Reproduce precisely the lines of the material below from the line containing "Мужская парфюмерия Dior" up to and including its last line. Pictures must not be copied.

::::

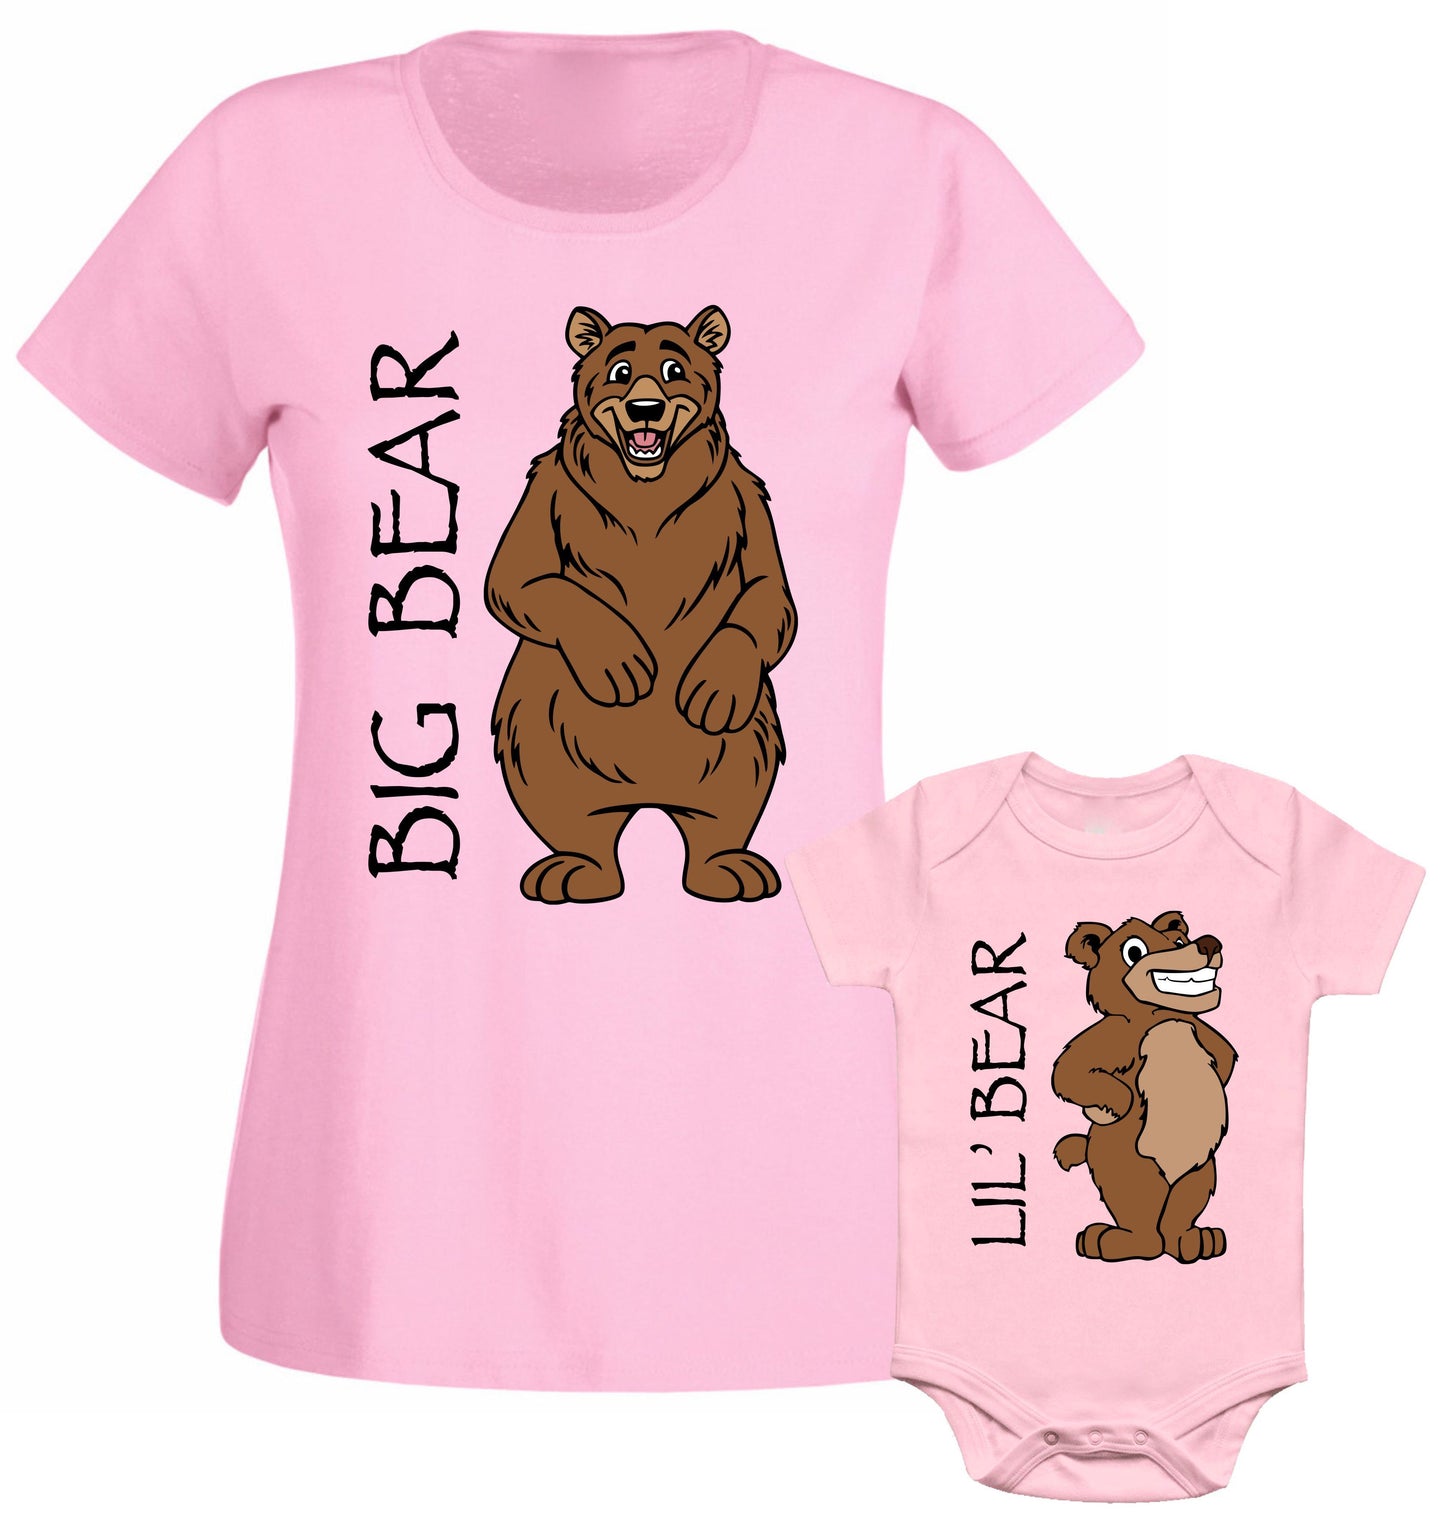 Big Bear Little Bear Mummy Son Daughter Mom Family Matching T shirt
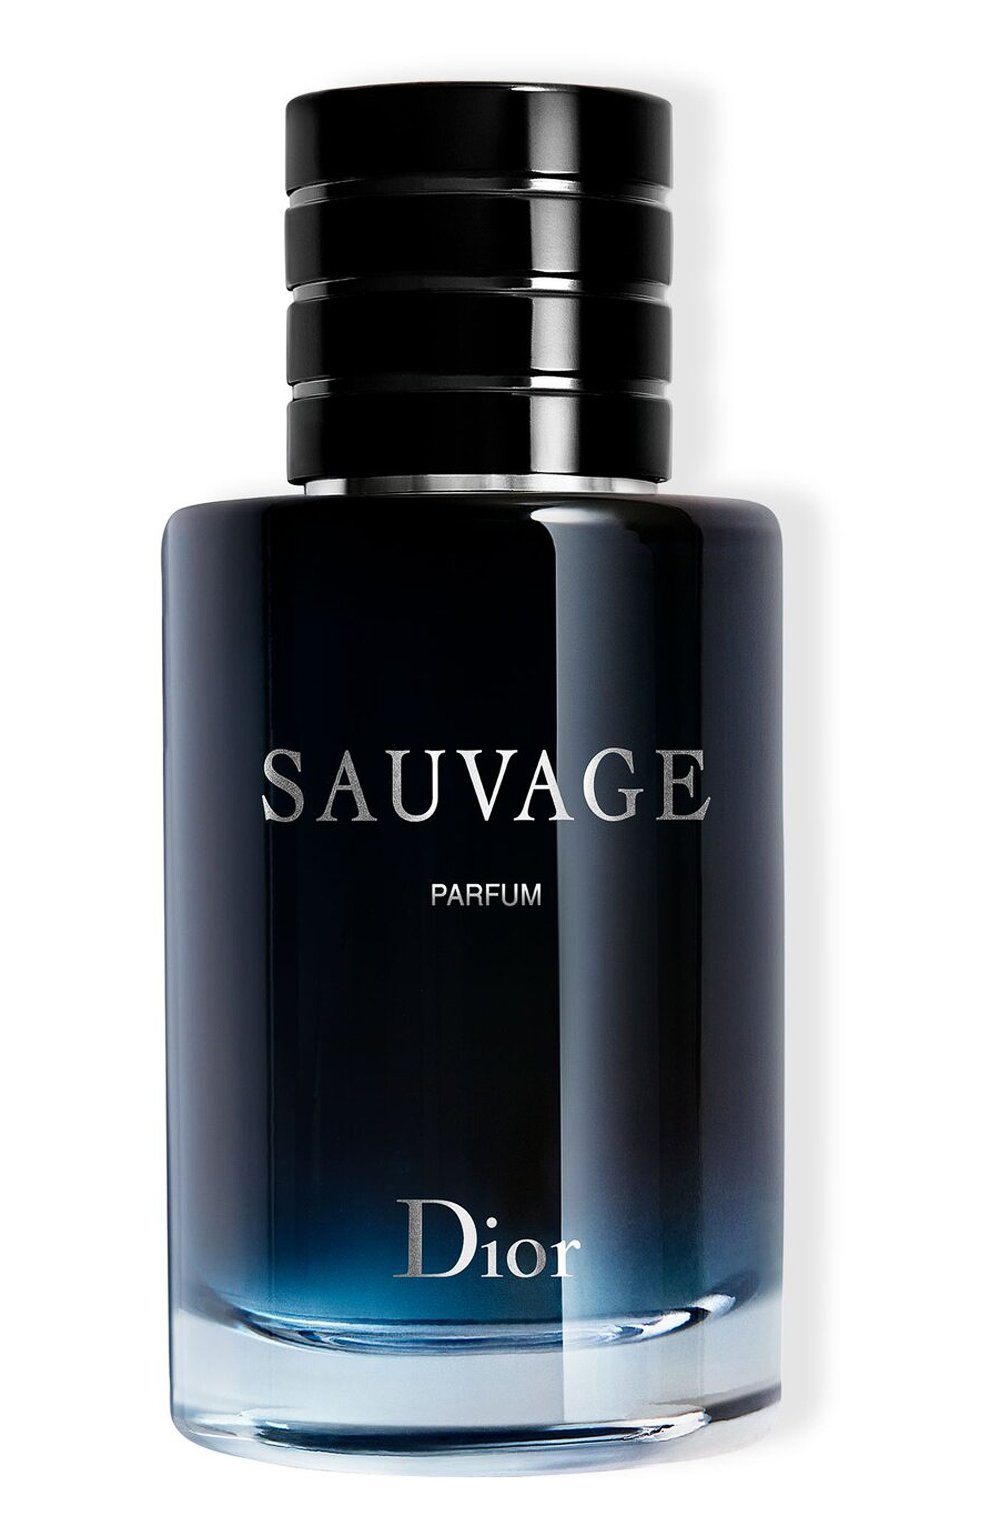 Мужская парфюмерия Dior купить парфюм Диор для мужчин в интернетмагазине  косметики РИВ ГОШ
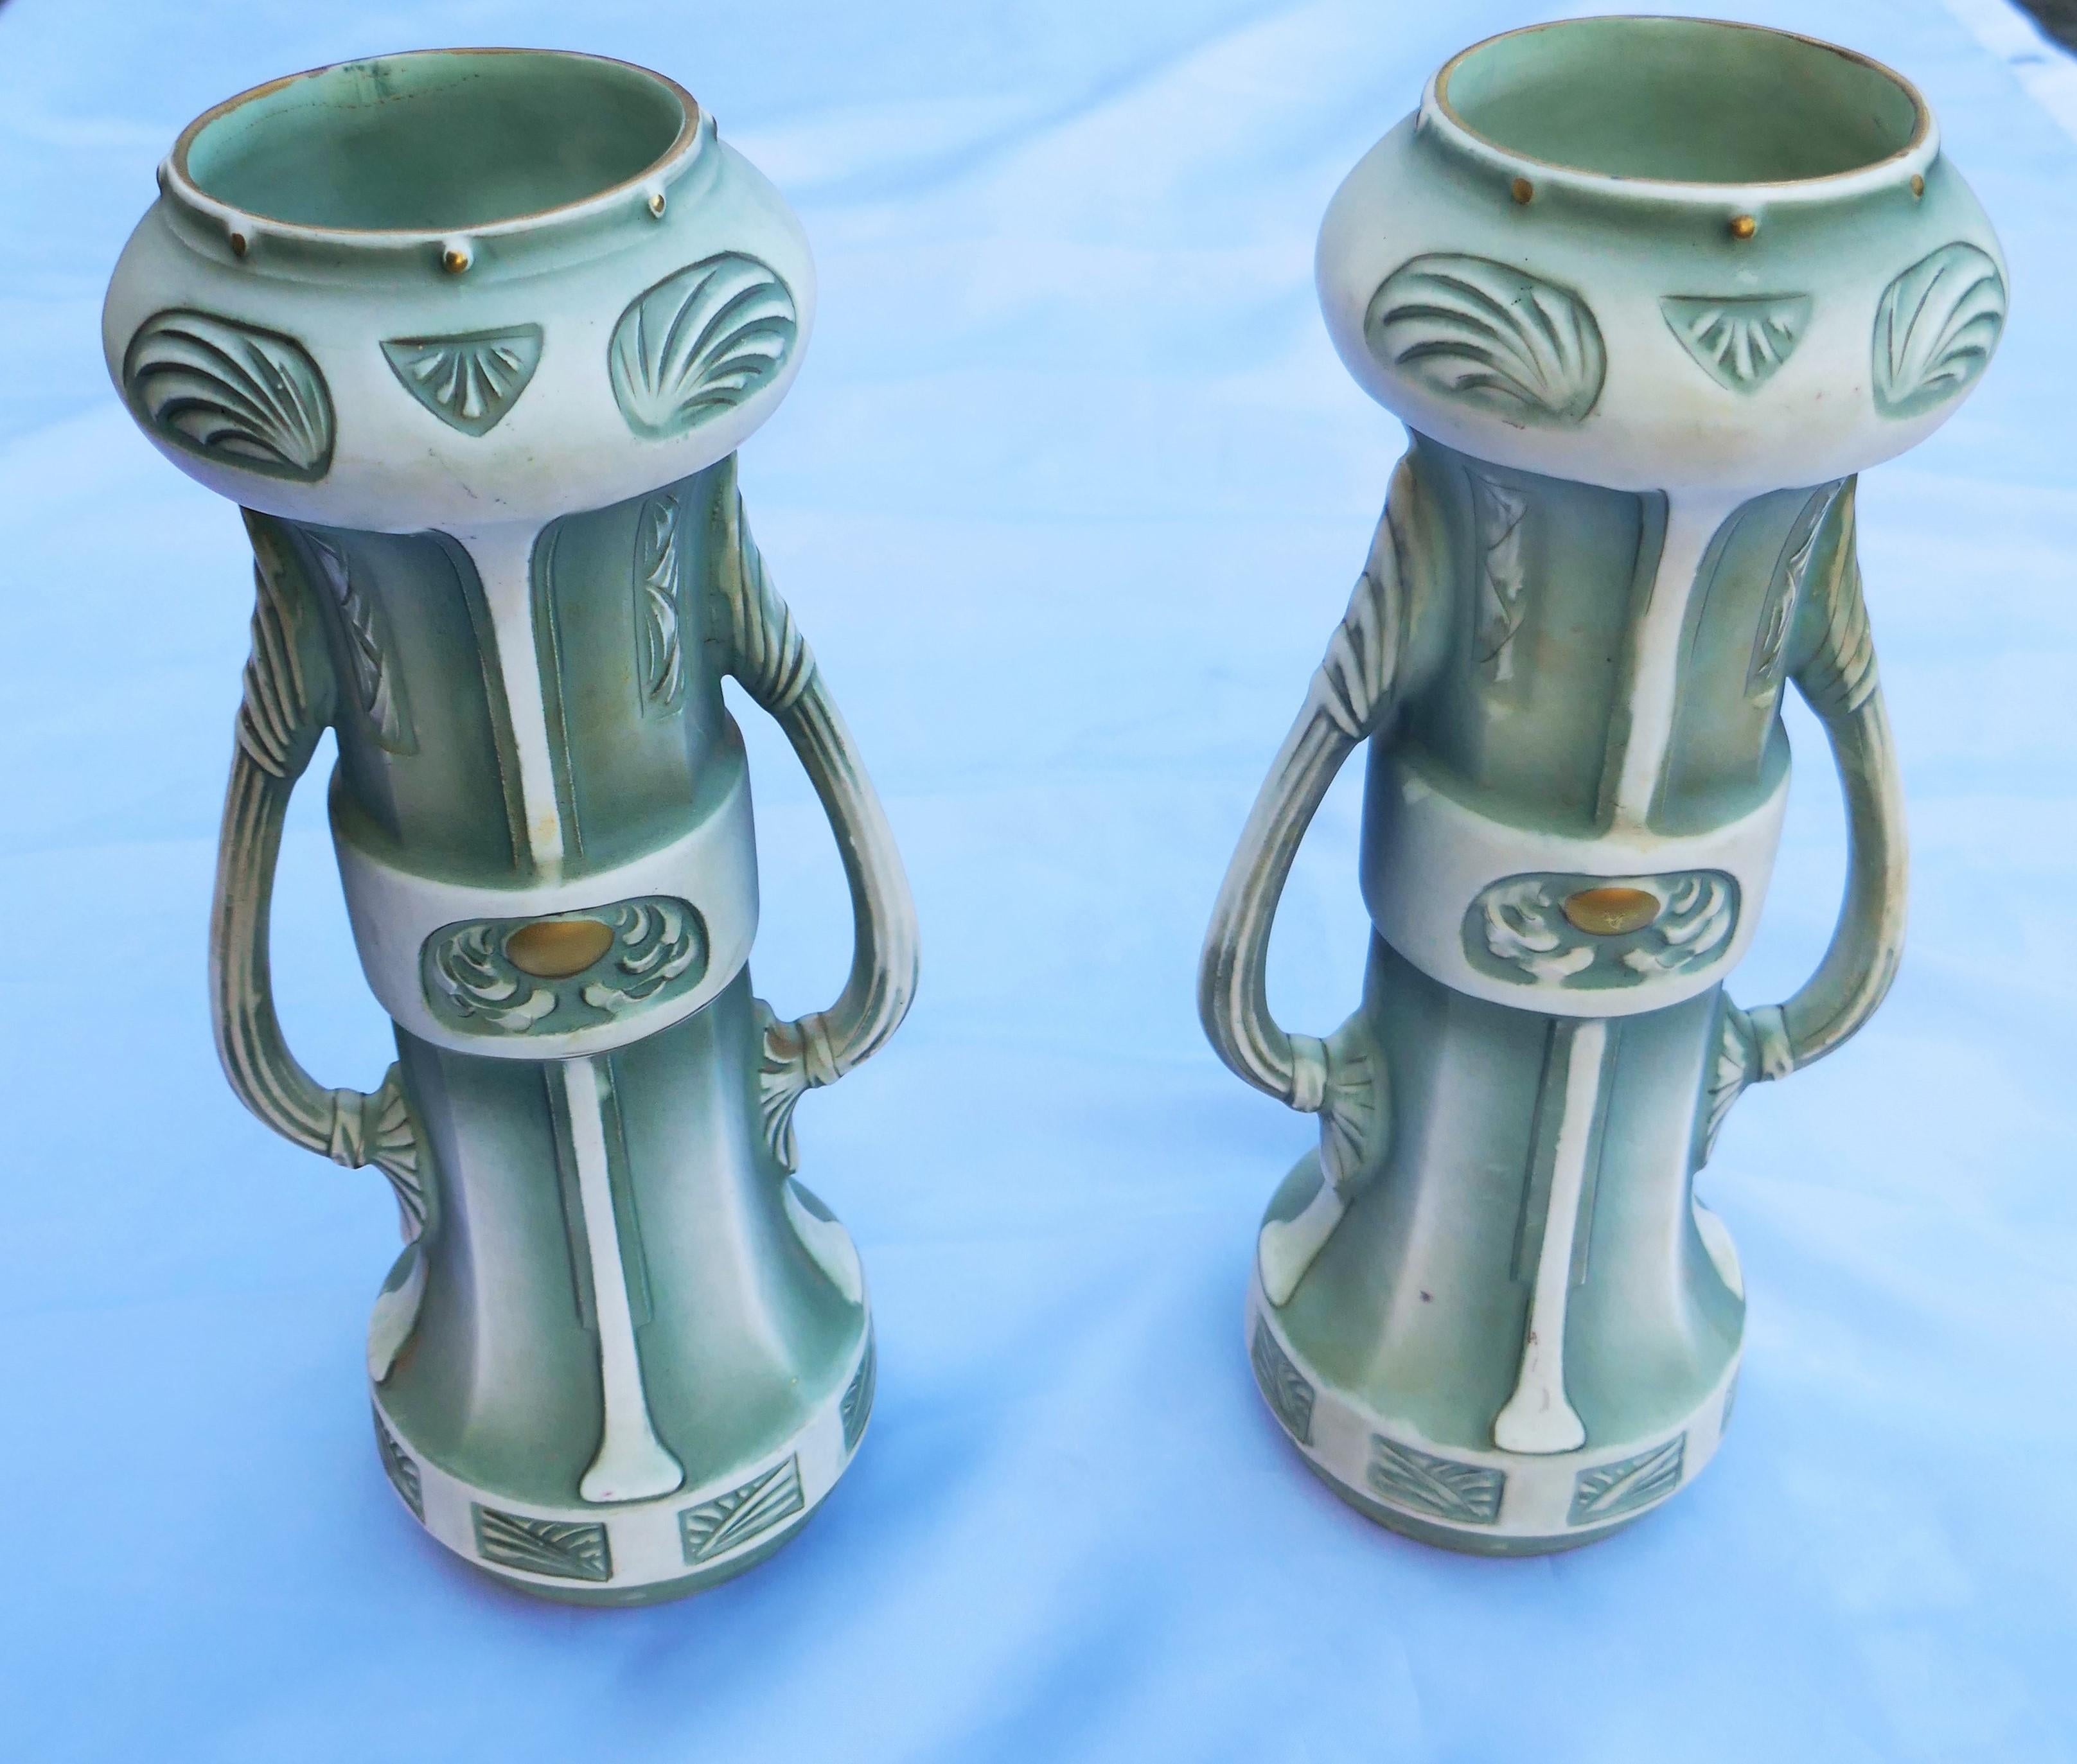 Paar Vasen, die Robert Hanke für Royal Wettina Austria zugeschrieben werden.
Guter Zustand.
Ich danke Ihnen.
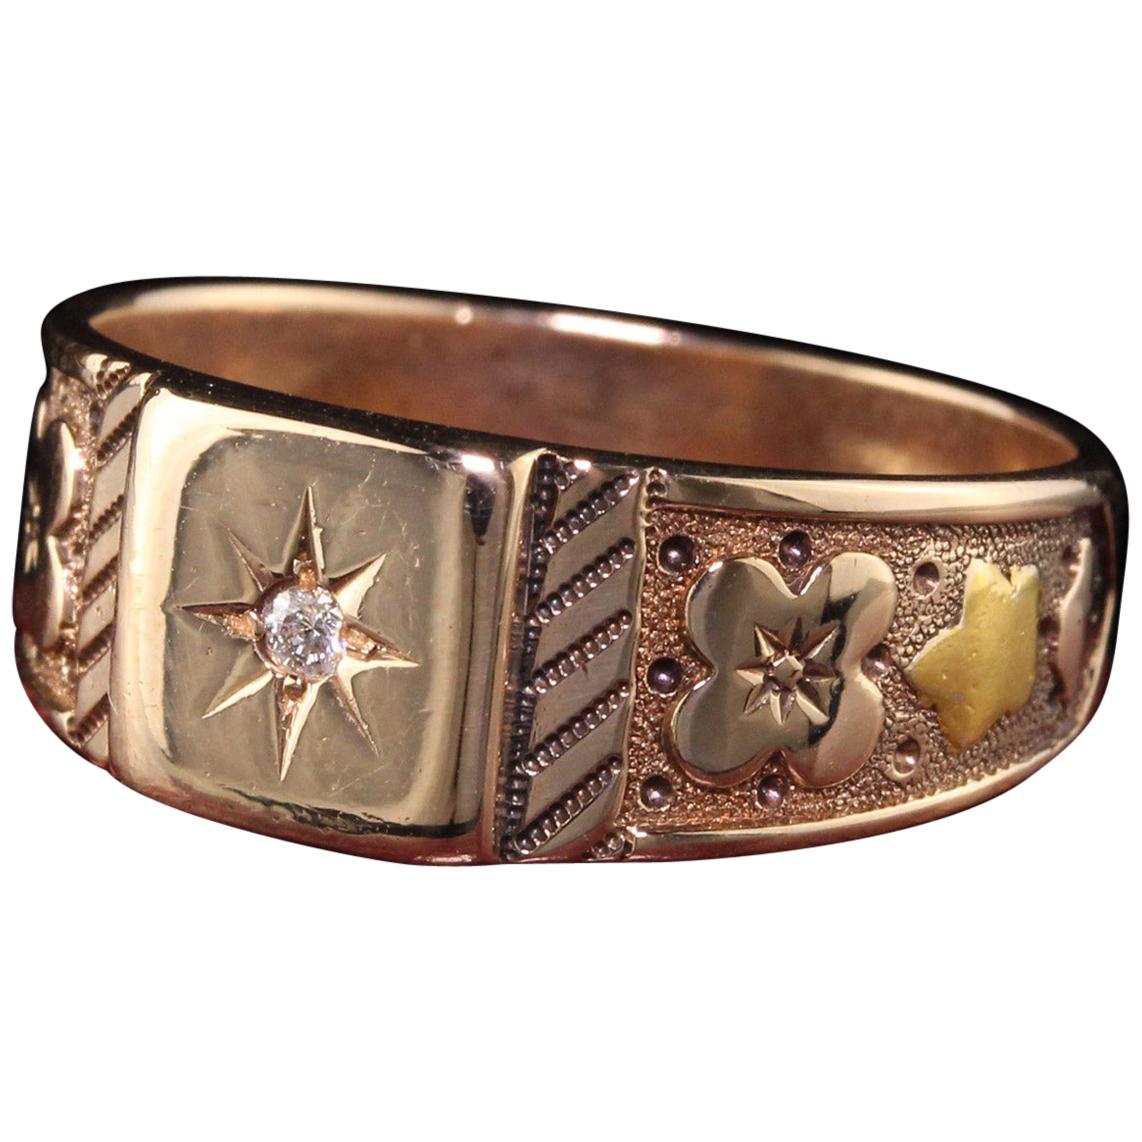 Antique Victorian 14 Karat Rose Gold Engraved Diamond Band Ring

::::

▶ _ANSWER BELOW_:
 Мужская парфюмерия Dior купить парфюм Диор для мужчин в интернетмагазине  косметики РИВ ГОШ
 Paar Vasen, die Robert Hanke für Royal Wettina Austria zugeschrieben werden.
Guter Zustand.
Ich danke Ihnen.
 Antique Victorian 14 Karat Rose Gold Engraved Diamond Band Ring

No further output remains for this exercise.